(Stored items)
......

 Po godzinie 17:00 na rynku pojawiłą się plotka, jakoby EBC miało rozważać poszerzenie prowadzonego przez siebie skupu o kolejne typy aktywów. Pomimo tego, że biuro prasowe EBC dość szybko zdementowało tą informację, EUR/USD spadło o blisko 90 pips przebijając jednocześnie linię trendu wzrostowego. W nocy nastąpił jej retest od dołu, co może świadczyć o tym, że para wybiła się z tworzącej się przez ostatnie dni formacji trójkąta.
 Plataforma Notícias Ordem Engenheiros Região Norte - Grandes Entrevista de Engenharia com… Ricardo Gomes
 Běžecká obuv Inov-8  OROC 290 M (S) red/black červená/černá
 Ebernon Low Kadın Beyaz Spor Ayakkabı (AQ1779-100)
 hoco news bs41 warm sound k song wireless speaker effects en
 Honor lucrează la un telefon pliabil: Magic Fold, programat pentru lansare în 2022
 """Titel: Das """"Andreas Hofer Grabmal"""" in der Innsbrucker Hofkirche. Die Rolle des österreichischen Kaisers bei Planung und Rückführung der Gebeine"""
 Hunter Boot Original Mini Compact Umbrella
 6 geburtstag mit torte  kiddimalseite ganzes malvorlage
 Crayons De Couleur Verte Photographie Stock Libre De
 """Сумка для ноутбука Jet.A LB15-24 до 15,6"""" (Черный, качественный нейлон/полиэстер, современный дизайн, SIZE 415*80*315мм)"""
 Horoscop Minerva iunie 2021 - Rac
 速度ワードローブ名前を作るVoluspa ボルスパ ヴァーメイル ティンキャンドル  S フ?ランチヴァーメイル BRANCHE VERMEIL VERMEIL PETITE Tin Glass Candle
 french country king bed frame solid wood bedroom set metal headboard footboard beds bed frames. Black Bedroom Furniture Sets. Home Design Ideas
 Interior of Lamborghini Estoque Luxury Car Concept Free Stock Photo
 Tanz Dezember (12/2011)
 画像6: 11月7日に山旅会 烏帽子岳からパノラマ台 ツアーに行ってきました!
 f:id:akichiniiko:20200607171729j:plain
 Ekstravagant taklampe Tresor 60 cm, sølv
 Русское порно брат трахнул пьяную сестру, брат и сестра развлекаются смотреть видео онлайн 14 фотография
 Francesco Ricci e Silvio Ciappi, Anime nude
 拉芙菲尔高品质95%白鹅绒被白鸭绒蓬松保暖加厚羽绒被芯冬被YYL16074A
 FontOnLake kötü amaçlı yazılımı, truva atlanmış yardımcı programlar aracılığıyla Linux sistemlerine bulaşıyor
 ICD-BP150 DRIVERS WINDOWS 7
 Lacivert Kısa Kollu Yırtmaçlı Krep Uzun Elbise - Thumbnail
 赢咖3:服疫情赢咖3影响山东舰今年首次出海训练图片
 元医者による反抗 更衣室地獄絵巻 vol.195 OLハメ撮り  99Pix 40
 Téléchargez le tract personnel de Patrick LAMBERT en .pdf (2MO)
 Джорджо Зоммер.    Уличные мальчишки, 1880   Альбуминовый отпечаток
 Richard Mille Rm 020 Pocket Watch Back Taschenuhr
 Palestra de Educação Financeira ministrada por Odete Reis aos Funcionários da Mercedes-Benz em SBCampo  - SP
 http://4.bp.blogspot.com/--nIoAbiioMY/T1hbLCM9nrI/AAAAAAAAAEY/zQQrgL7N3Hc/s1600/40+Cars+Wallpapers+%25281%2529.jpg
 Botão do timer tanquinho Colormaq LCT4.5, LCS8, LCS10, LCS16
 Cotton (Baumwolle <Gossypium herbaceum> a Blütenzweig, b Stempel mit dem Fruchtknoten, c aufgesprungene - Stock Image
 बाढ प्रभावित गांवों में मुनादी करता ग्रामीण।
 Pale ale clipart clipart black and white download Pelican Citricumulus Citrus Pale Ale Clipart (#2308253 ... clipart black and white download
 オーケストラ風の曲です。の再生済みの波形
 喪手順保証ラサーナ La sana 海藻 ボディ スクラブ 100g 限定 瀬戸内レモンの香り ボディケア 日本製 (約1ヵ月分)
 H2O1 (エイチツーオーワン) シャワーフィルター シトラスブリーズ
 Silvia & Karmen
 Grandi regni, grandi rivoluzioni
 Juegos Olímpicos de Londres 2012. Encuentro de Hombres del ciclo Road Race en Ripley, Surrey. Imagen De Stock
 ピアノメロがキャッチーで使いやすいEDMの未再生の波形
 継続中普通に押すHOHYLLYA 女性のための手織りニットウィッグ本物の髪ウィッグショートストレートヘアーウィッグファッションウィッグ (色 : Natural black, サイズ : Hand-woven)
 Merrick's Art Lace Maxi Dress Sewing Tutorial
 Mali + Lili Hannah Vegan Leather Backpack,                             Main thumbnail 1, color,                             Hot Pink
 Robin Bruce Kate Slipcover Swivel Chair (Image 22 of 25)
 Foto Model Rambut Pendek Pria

......

Beginning with the line that has "Palestra de Educação" and ending with the line that has "बाढ प्रभावित गांवों में मुनादी करता ग्रामीण।", set down the lines above exactly and include no others.

» Result for this task:
 Palestra de Educação Financeira ministrada por Odete Reis aos Funcionários da Mercedes-Benz em SBCampo  - SP
 http://4.bp.blogspot.com/--nIoAbiioMY/T1hbLCM9nrI/AAAAAAAAAEY/zQQrgL7N3Hc/s1600/40+Cars+Wallpapers+%25281%2529.jpg
 Botão do timer tanquinho Colormaq LCT4.5, LCS8, LCS10, LCS16
 Cotton (Baumwolle <Gossypium herbaceum> a Blütenzweig, b Stempel mit dem Fruchtknoten, c aufgesprungene - Stock Image
 बाढ प्रभावित गांवों में मुनादी करता ग्रामीण।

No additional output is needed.